The report on vitamin C for preventing the common cold in the Republic of South Korea army recruits by Kim et al. [1] has several statistical problems.
First, Kim et al. did not follow the intention-to-treat [ITT] approach. Figure 1 shows that 49 participants were excluded because they “stopped intake of vitamin C”, and 84 participants were excluded because they “stopped intake of placebo” [1]. The CONSORT recommendation for ITT analysis states as follows [2, Box 6]: “participants who … did not take all the intended treatment ... exclusion of any participants for such reasons is incompatible with intention-to-treat analysis”.
Second, Altman et al. pointed out that “The odds ratio should not be interpreted as an approximate relative risk [RR] unless the events are rare in both groups (say, less than 20-30%)”[3]. The common cold is not rare. Over 50% of the participants in the Kim et al. trial had the common cold during the trial period which greatly exceeds the 20-30% limit. Furthermore, there is no need to use the OR as the approximation for RR, because the RR can be calculated from the trial data in Table 1, RR = 0.916 (= 0.538/0.587) [1].

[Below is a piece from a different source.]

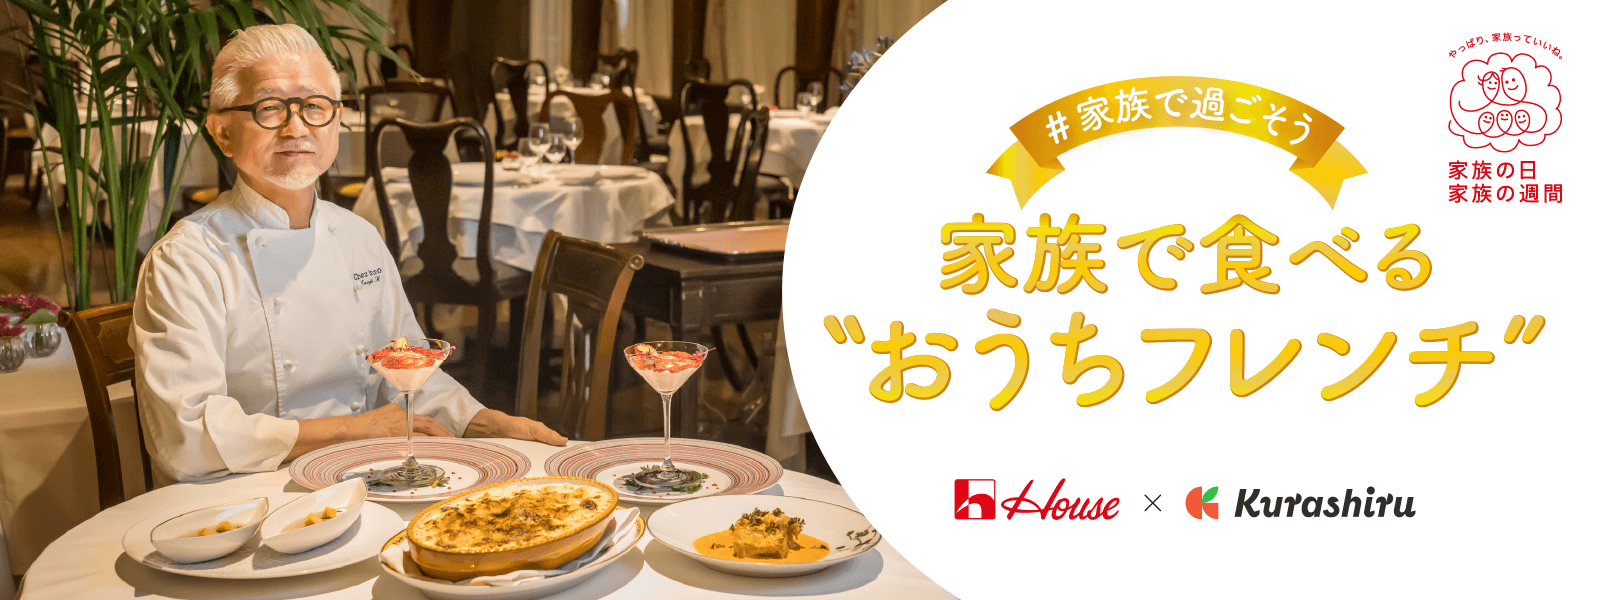 ＃家族で過ごそう 家族で食べる“おうちフレンチ” House × Kurashiru やっぱり家族っていいね。家族の日 家族の週間

Third, in their abstract, Kim et al. wrote “the vitamin C group had a 0.80-fold lower risk of getting a common cold” implying that vitamin C decreased the incidence of colds by 20%. However, the correct effect estimate is given by the RR above, which indicates only 8.4% lower risk of colds in the vitamin C group. Thus, using the OR as an inappropriate measure of effect gave a 2.4-fold multiplication of the actual percentage benefit from vitamin C administration. Furthermore, Table 1 shows that the 8.4% difference between the vitamin C and placebo groups was not statistically significant with P = 0.059 [1].

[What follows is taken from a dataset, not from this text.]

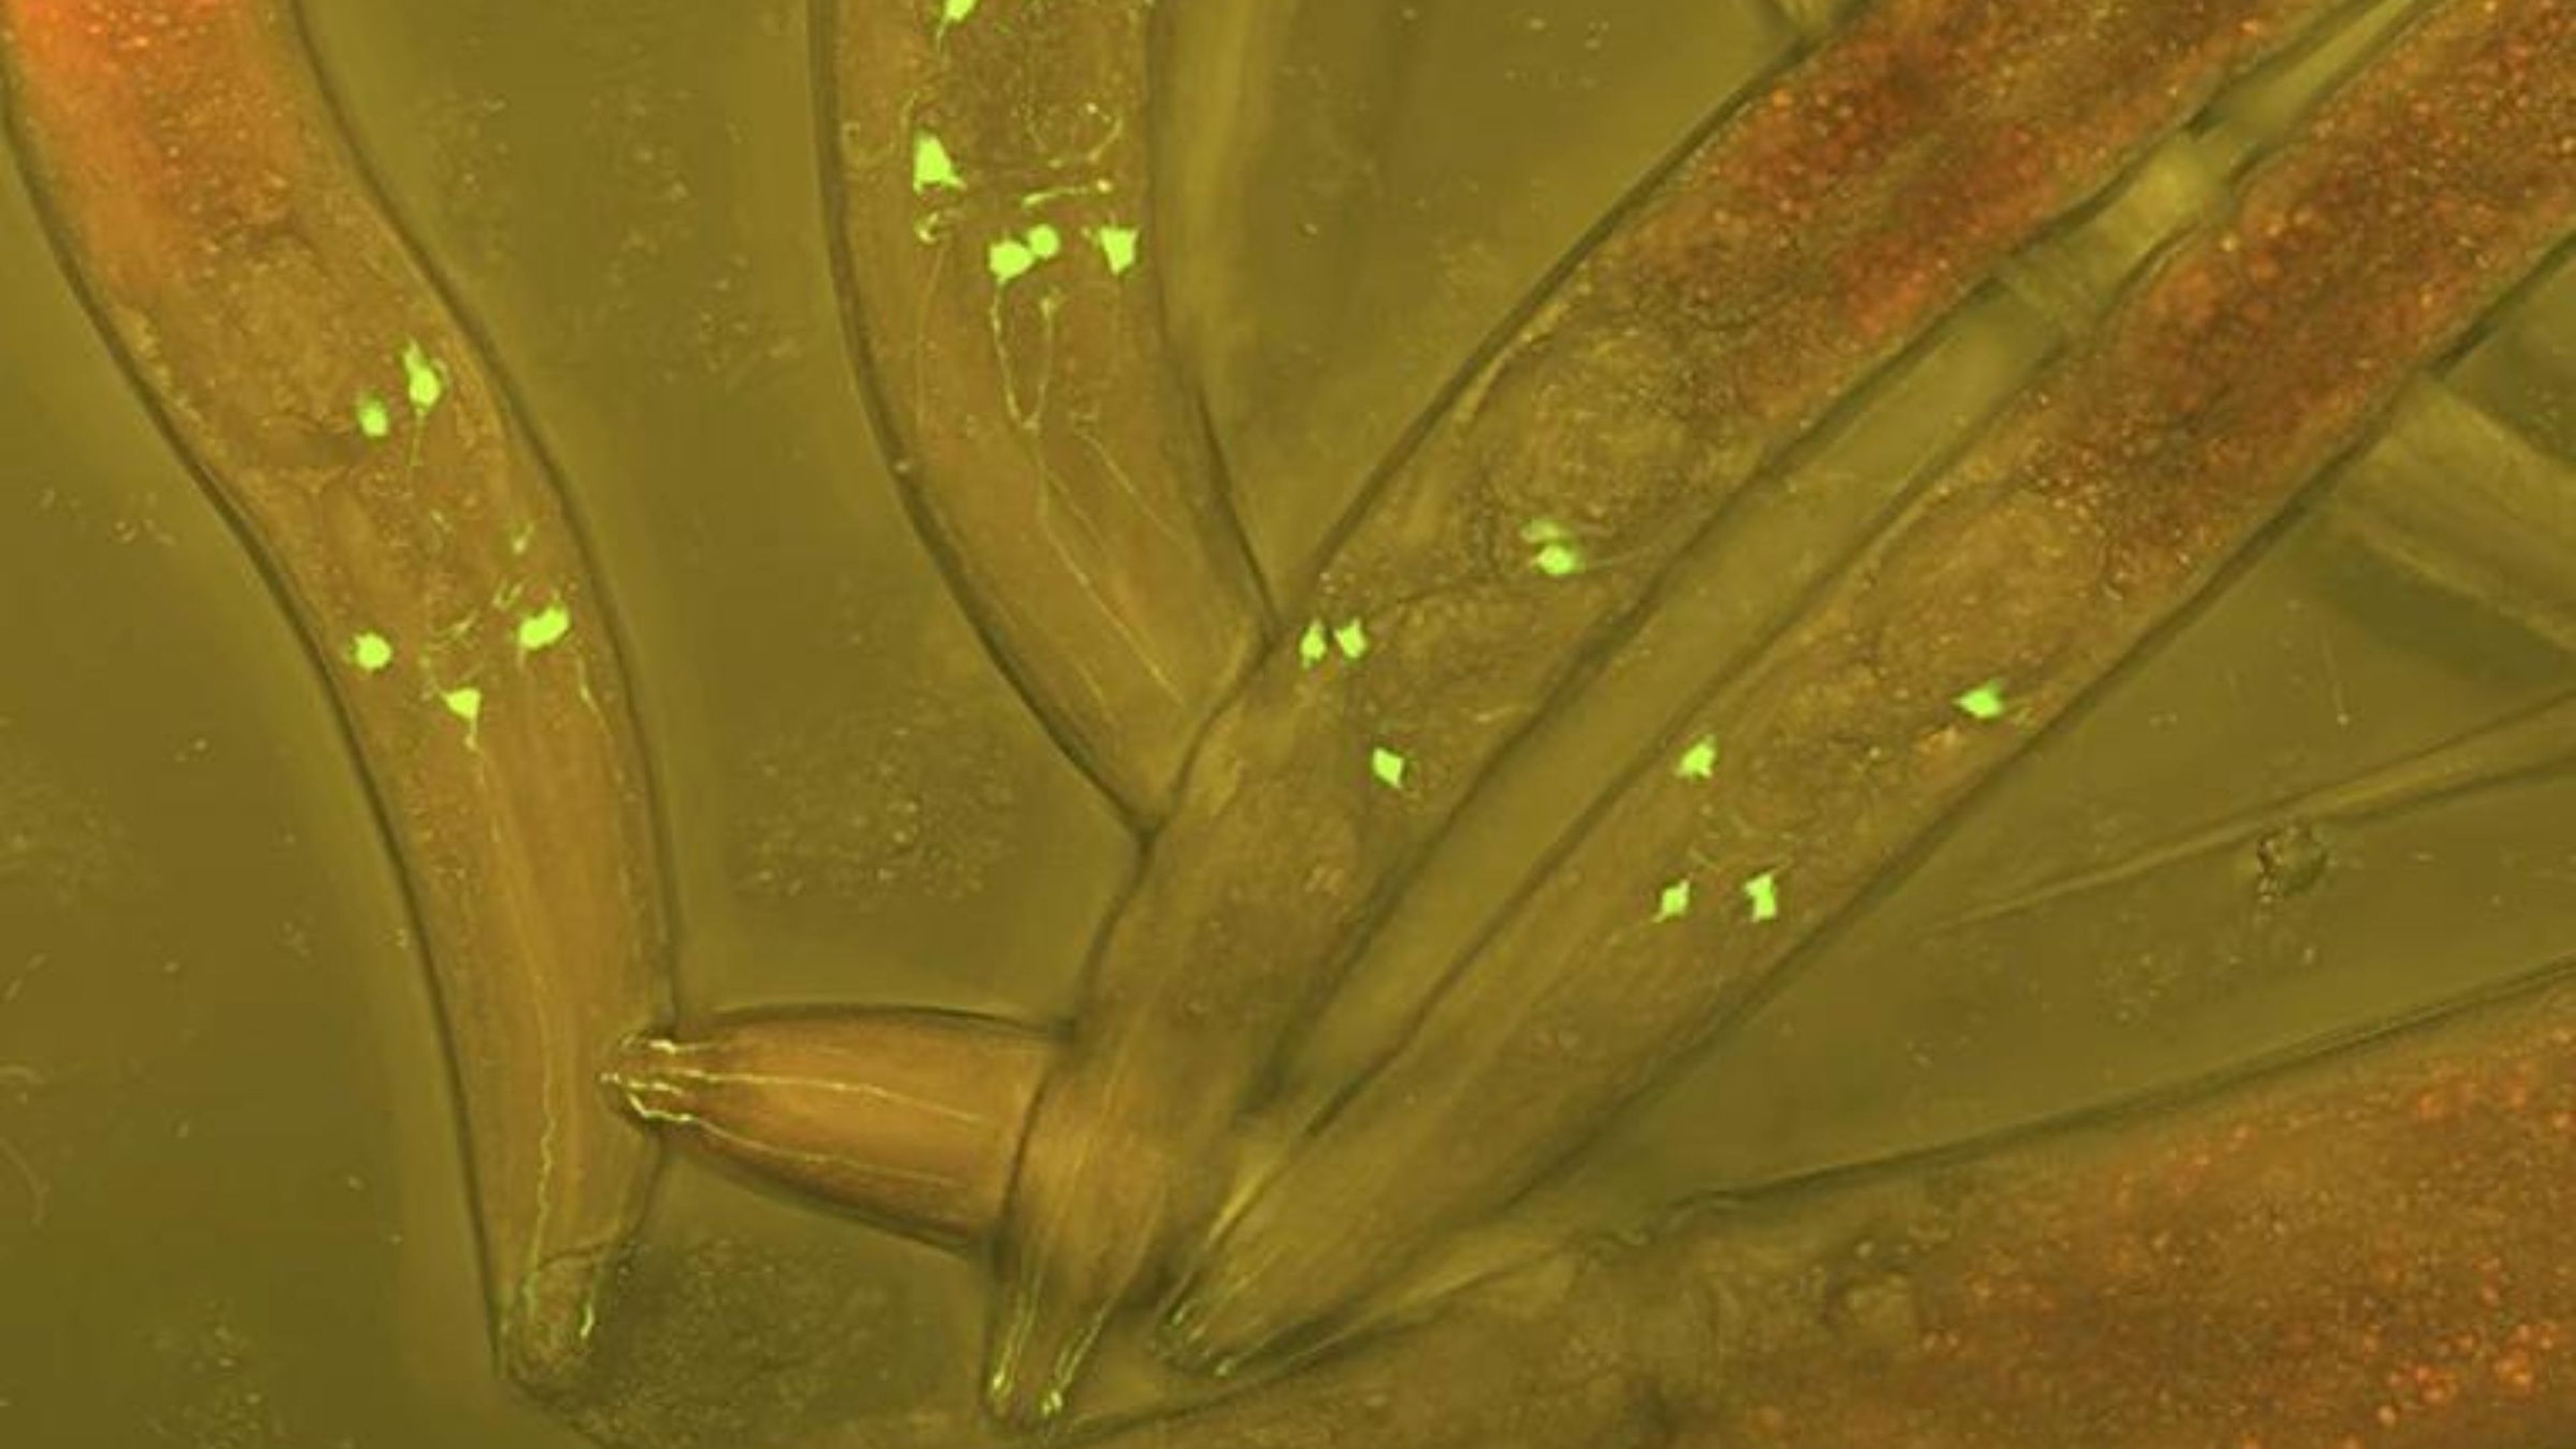 Gusano Caenorhabditis elegans. Crédito: Nature/ Heiti Paves/Biblioteca de fotografías científicas

Fourth, standard textbooks on controlled trials are critical about adjustments of the effect estimate by numerous baseline variables, since “it is often possible to select specific covariates out of a large set in order to achieve a desired result” [4, p. 368]. Kim et al. used 15 variables to adjust the effect of vitamin C in their Table 2 [1]. Furthermore, 4 of those 15 variables were not baseline variables, as they were determined at the end of the trial: 1) “Do you think vitamin C intake helps prevent diseases such as a common cold? (End point)”, 2) “Do you prefer to take vitamin C? (End point)”, 3) “Did you experience physical vitality such as decreased fatigue after taking vitamin C? (End point)” and 4) “Intent to continue intake Vitamin C”. Therefore, they are unambiguously inappropriate to be used as baseline adjustment variables. Thus, the marginally significant P-value calculated for the over-adjusted statistical model in Table 2 (P = 0.0419) is statistically much less sound than the non-significant P-value calculated in Table 1 (P = 0.059) [1].

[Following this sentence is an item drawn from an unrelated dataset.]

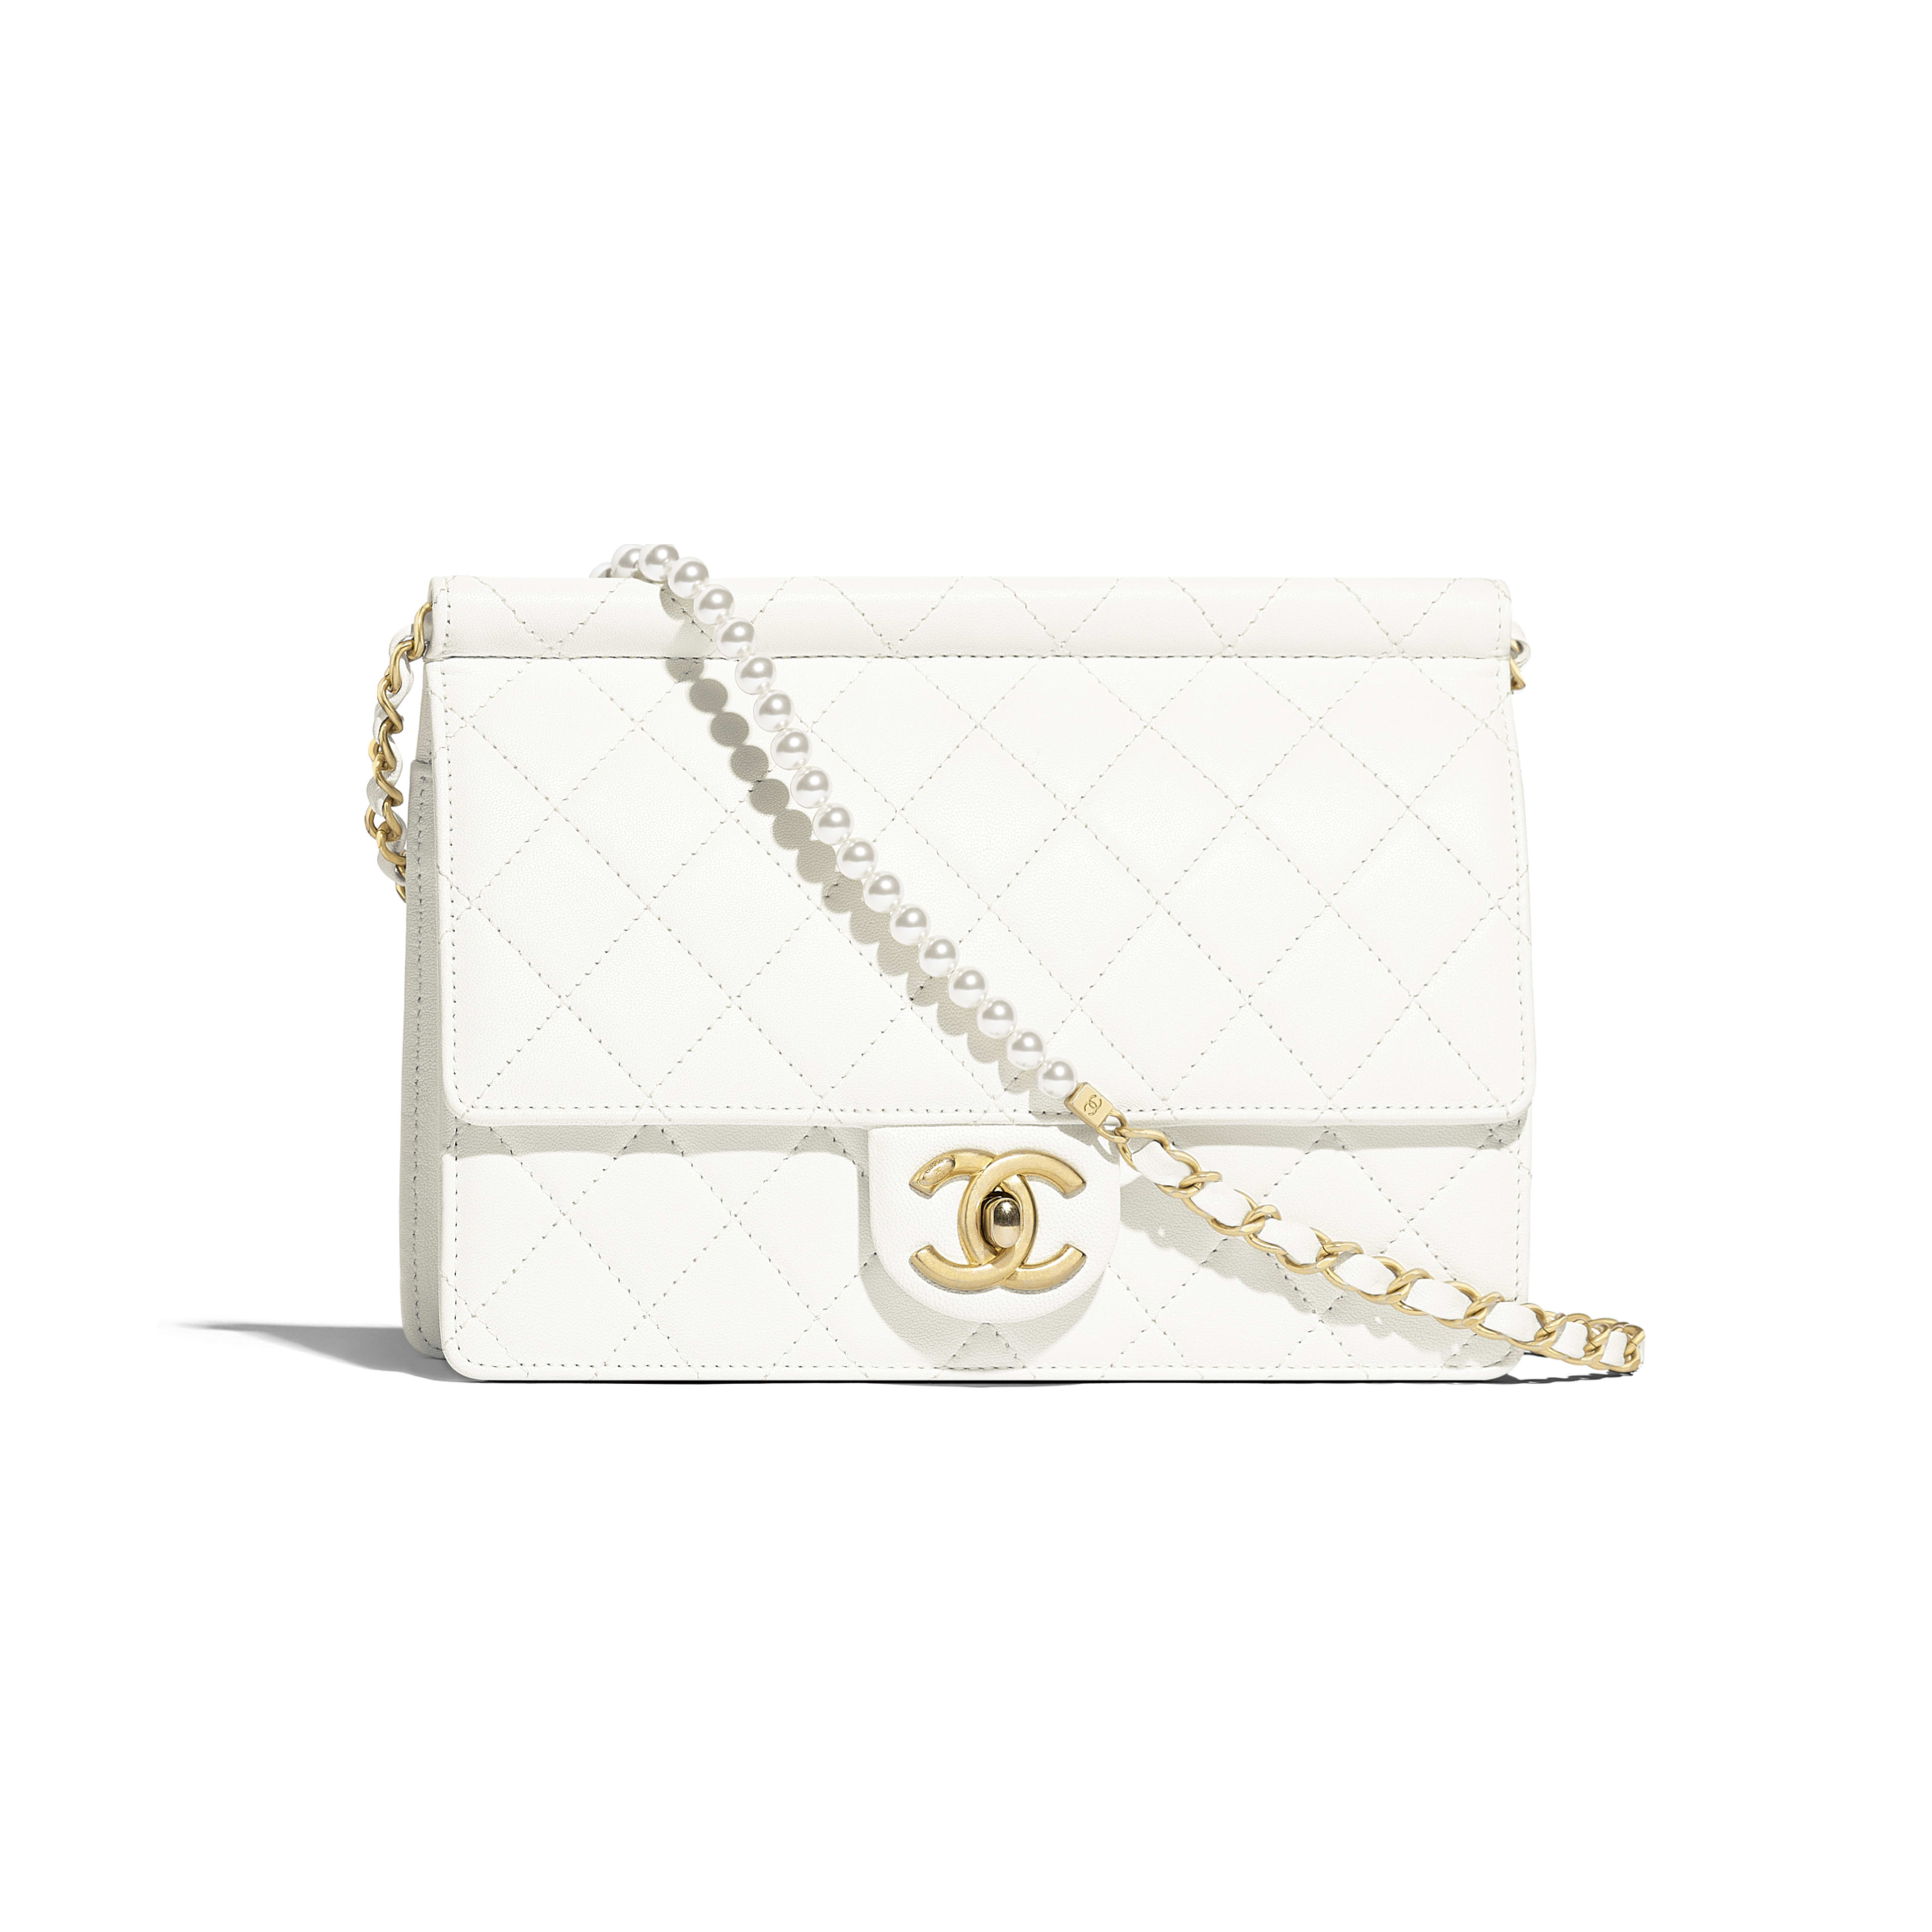 Chanel white flap bag

Fifth, at the start of the trial, Kim asked the participants the question: “Do you think vitamin C intake helps prevent diseases such as common cold?” and 1098 participants agreed or strongly agreed. At the end of the trial, only 320 participants agreed or strongly agreed in response to the same question. Thus, participation in the one-month trial led to a 71% decline in the opinion that vitamin C might prevent diseases such as the common cold. Half of the participants were given placebo and if all the placebo participants had lost their belief in vitamin C because of their personal experience of not getting any benefit, that would explain a decrease by only 50%. This implies that a great proportion of the vitamin C participants also changed their mind when they had actually taken 6 g/day of vitamin C for 30 days.
In parallel with the dramatic decline in the “agree” responses, there was an even more dramatic increase in the “disagree” responses to the same question. At the end of the trial, the “disagree” responses were 12 times higher than at the start (365 vs. 30) and the “strongly disagree” responses were 33 times higher than at the start (236 vs. 7) [1]. These dramatic changes towards negative opinions after having taken high doses of vitamin C for one month were not discussed by Kim et al.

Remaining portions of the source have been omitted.